DeLay remains free on bond as his legal team prepares to appeal his conviction for his role in a scheme to illegally funnel corporate money to Texas candidates in 2002. He was sentenced last month to three years in prison by Senior Judge Pat Priest.
But before his appeal, DeLay's attorneys asked Priest to grant a new trial.
DeLay's lead attorney, Dick DeGuerin, said interviews of jurors who convicted the ex-lawmaker in November on charges of money laundering and conspiracy to commit money laundering uncovered "rather disturbing things that happened in the jury room."
DeGuerin alleges there were one or more jurors who were saying DeLay was guilty before deliberations began.
One female juror "was very abusive of (other jurors) and was saying often and loudly that the testimony of witnesses wasn't evidence and they could only consider the documents (presented at trial). That's misconduct, ignoring jury instructions," DeGuerin said.

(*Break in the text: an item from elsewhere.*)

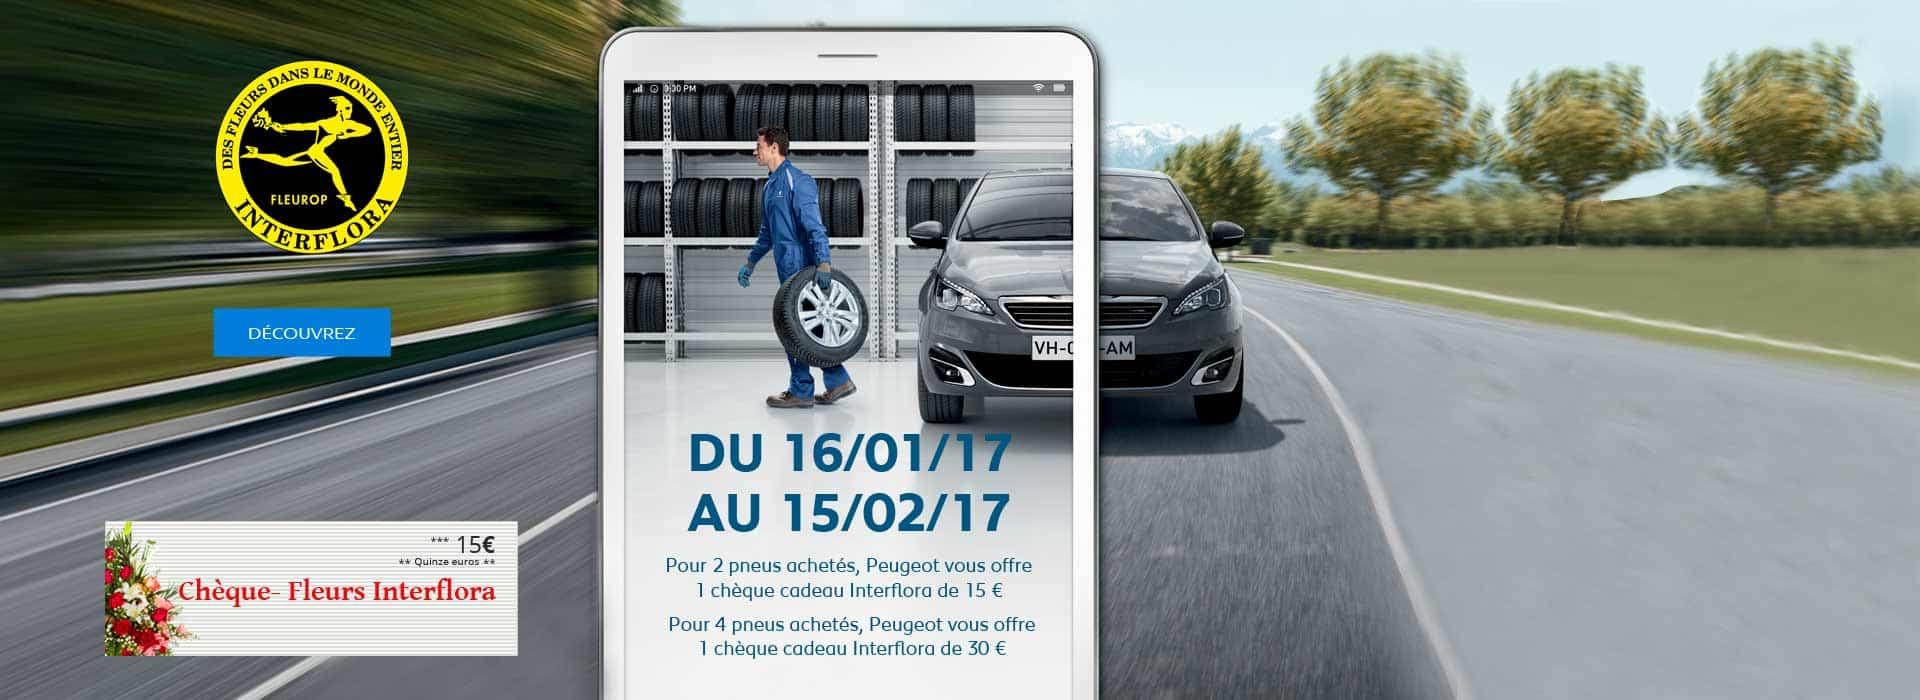 Peugeot urrugne concessionnaire garage pyr n es for Garage peugeot urrugne

The names of the jurors were redacted from the motion to protect their identities, DeGuerin said. The jurors' names were not released during the trial and the panel declined to speak with reporters after its verdict last year.
Steve Brand, one of the prosecutors with the Travis County District Attorney's Office in Austin who tried DeLay, said the motion had no merit.
"We don't feel they raised any meritorious legal grounds by which they can prevail," he said.
Brand declined to comment on the allegations of juror misconduct or other specific legal issues raised in the motion.
Wednesday's motion also asks that DeLay's conviction be set aside because defective instructions were made to jurors when they got the case, DeGuerin said.
DeLay's legal team also alleges the state's election code was misapplied by prosecutors in the case and that DeLay's First Amendment rights might have been violated by Texas' ban on corporate campaign contributions.
The First Amendment claim is based on a U.S. Supreme Court decision from last year that said laws barring corporations from making political donations to candidates violate free speech.
After a month-long trial in November, a jury determined DeLay conspired with two associates to use his Texas-based political action committee to take part in a swap of $190,000 in corporate money to an arm of the Washington-based Republican National Committee. The RNC then sent the same amount to seven Texas House candidates. Under Texas law, corporate money can't go directly to political campaigns.
Prosecutors claimed the money helped Republicans take control of the Texas House. That enabled the Republican majority to push through a Delay-engineered congressional redistricting plan that sent more Texas Republicans to Congress in 2004, strengthening DeLay's political power.
DeLay contended the charges were politically motivated and the money swap in question was legal. DeGuerin says DeLay committed no crime and believes the convictions will be overturned on appeal.